Father Lew nods. “Being present with people and using the words the Church gives us: ‘Lord, fold your loving arms around ______ as he makes his journey. And will you, in turn, journey with his family. Walk that journey with them.’ It opens them to be led by the Spirit in prayer and allows the Holy Spirit to flow into the space. These rituals can actually help families move more easily through their grieving to the wake.”
“Death is a mysterious process.” Rev. Dr. Wright smiles. “I will often ask family members to tell me about their loved one as he or she is nearing the end of life. Sometimes along with the tears, genuine laughter and joy become part of the experience of saying goodbye.”
“Even when the heart stops beating, there may be electrical impulses in the brain. Patients may be able to hear even after they seem to have passed on.” Father Lew adds. “There are times when the family thinks their loved one is gone, then the patient takes another breath. Some who have near-death experiences report exactly what was said and done in the room after they were declared dead.
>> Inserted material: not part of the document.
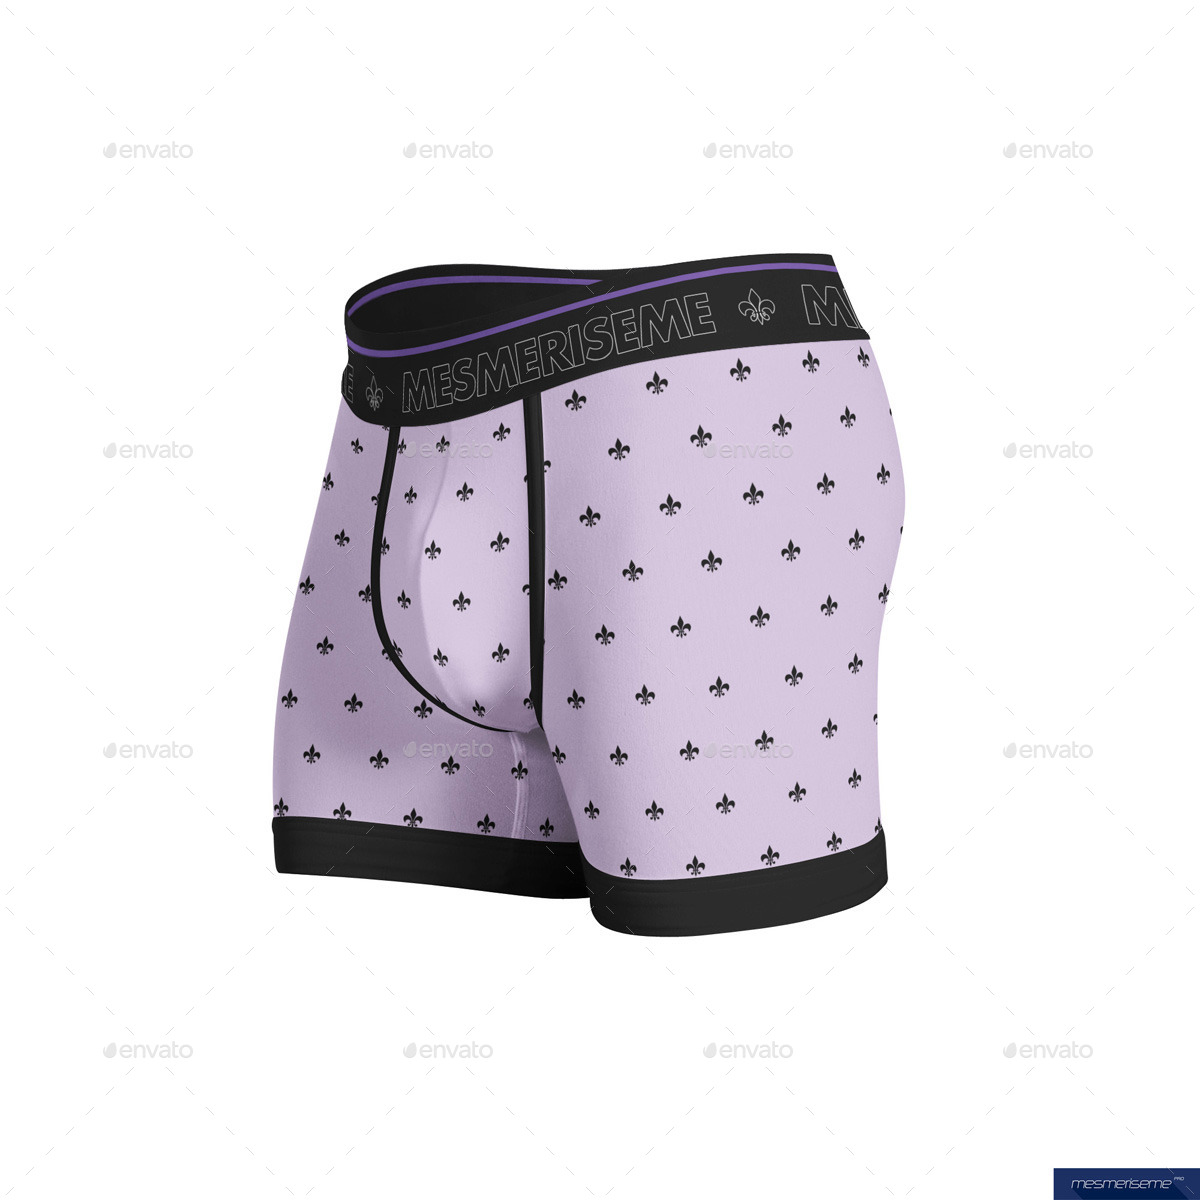 Download Trunks and Boxer Briefs Boxers Mock-up by mesmeriseme_pro ...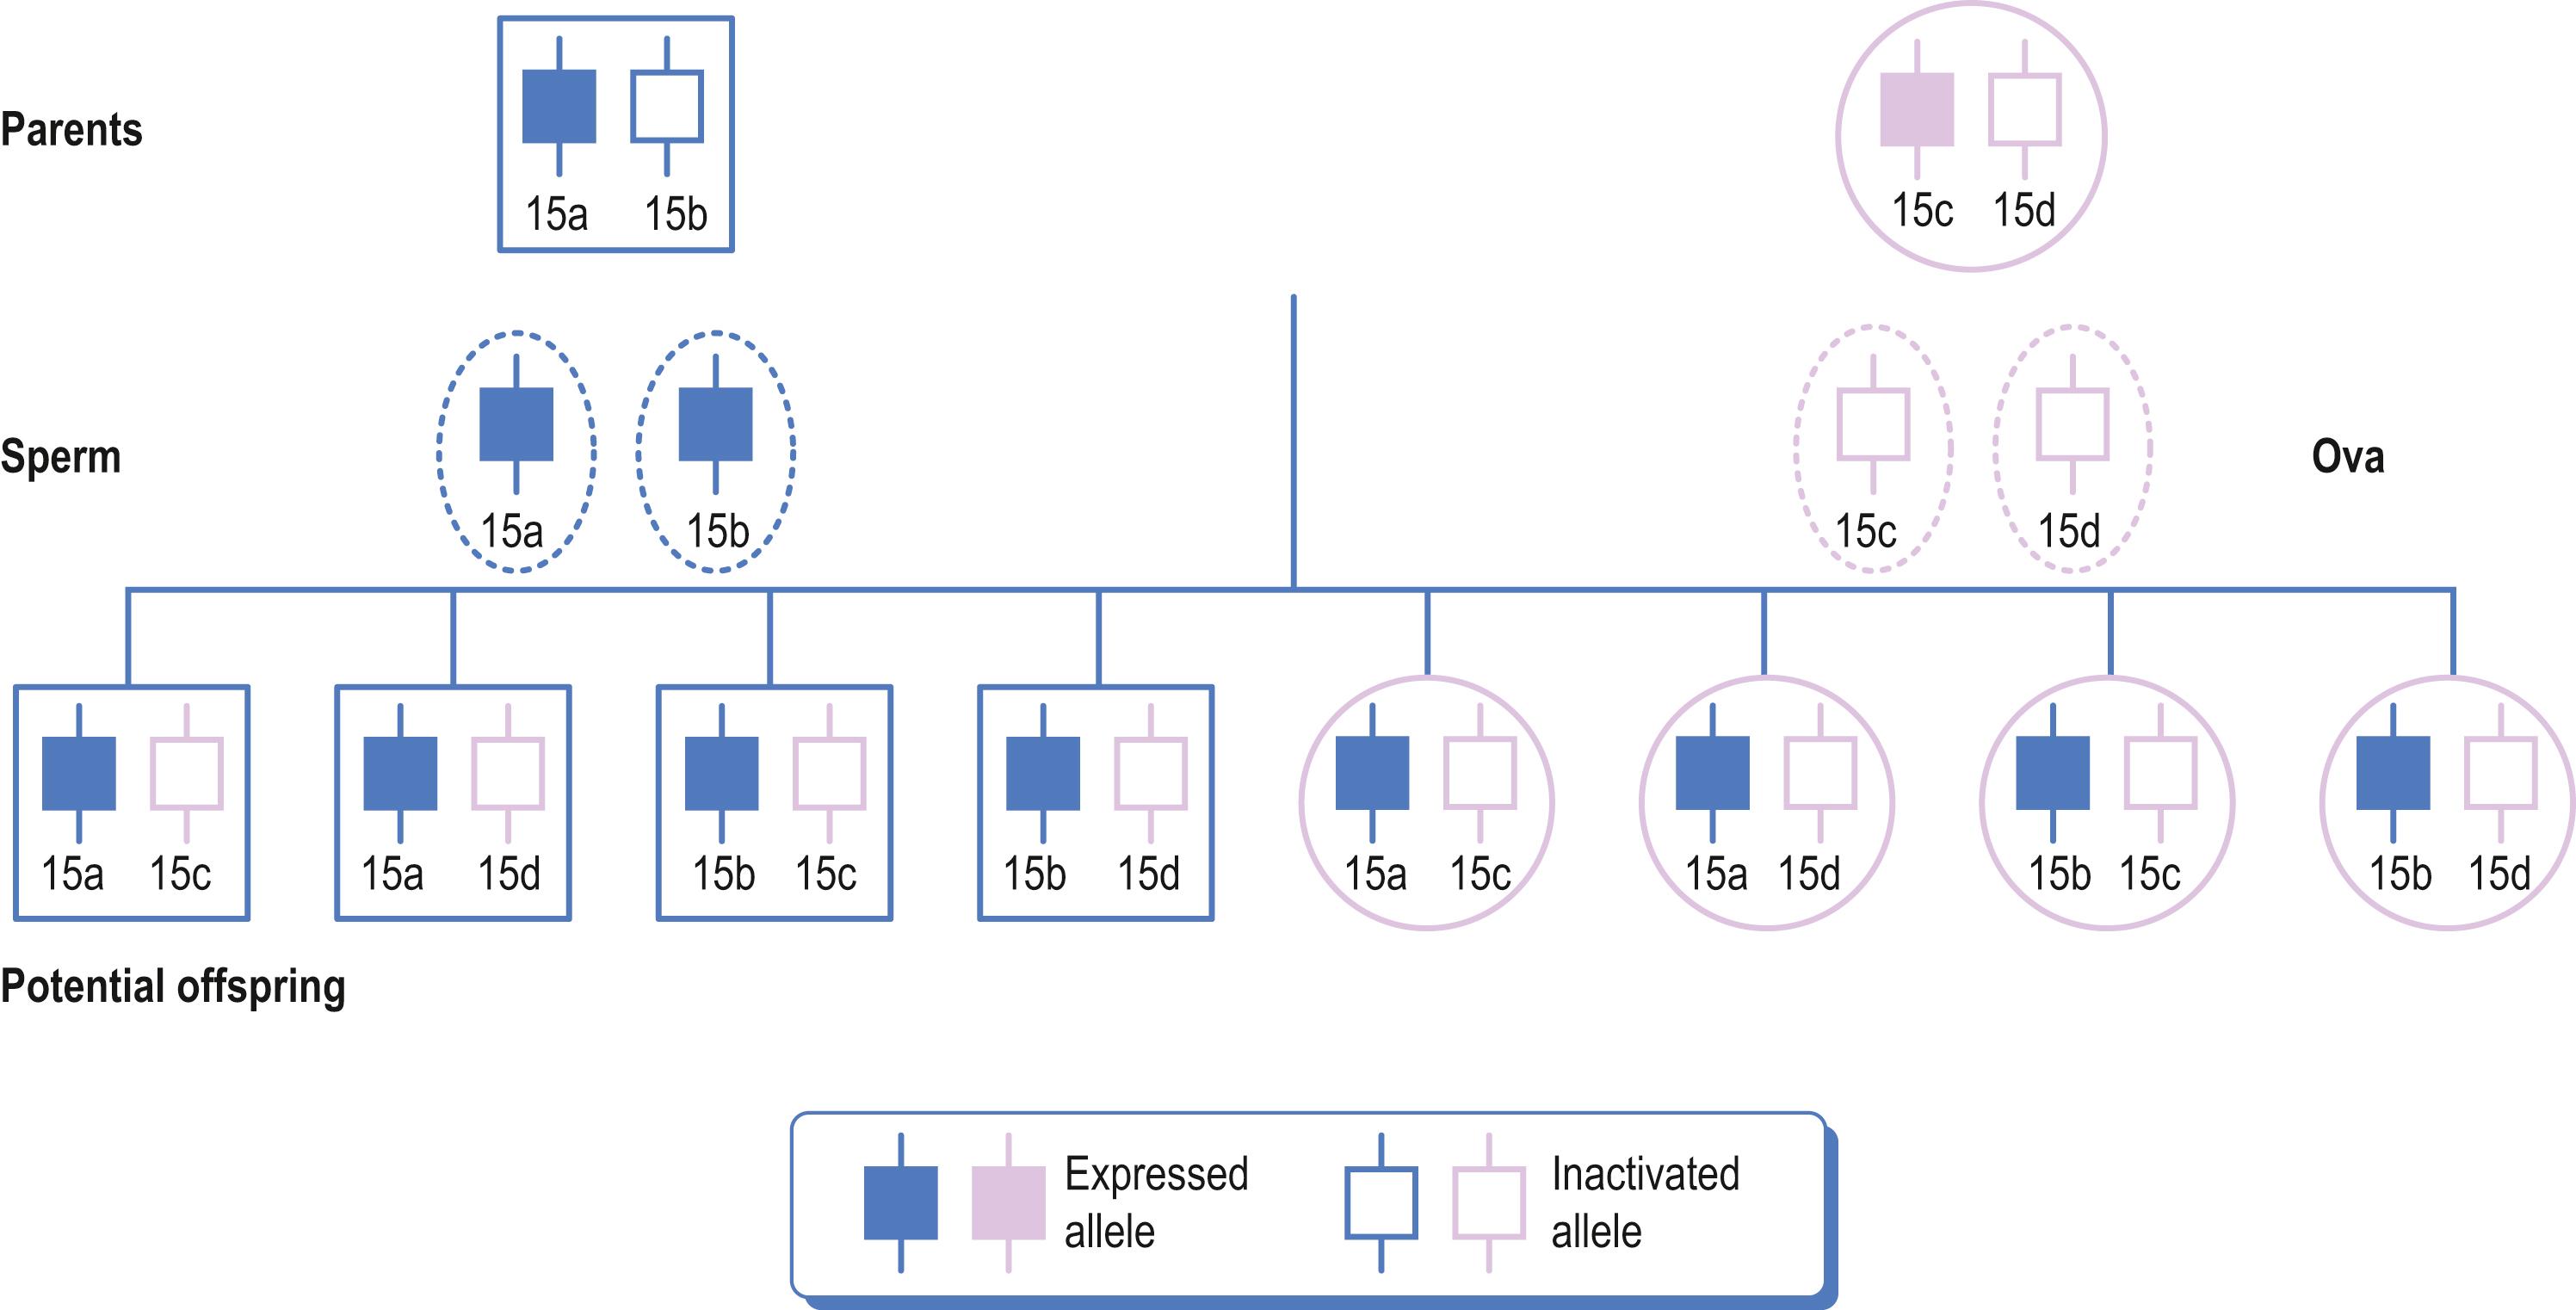 Fig. 5.2, The inheritance of a maternally imprinted gene. Father represented in blue. Mother represented in purple. Only the paternally derived copies are expressed. In the ova, imprinting inactivates all maternally derived copies of the allele.

“All people have questions in the face of suffering. While they are here in this hospital, we try to find ways to help folks heal spiritual distress. Catholics have a unique gift in the sacraments which bring healing for our soul, if not always for our body. I have experienced their power, and I know the strength of the anointing of the sick because I see it working here.
“Whenever it comes, death is not the end of life. It’s the opening of a new door through which our journey continues. When we look at it that way, even death is a form of healing.”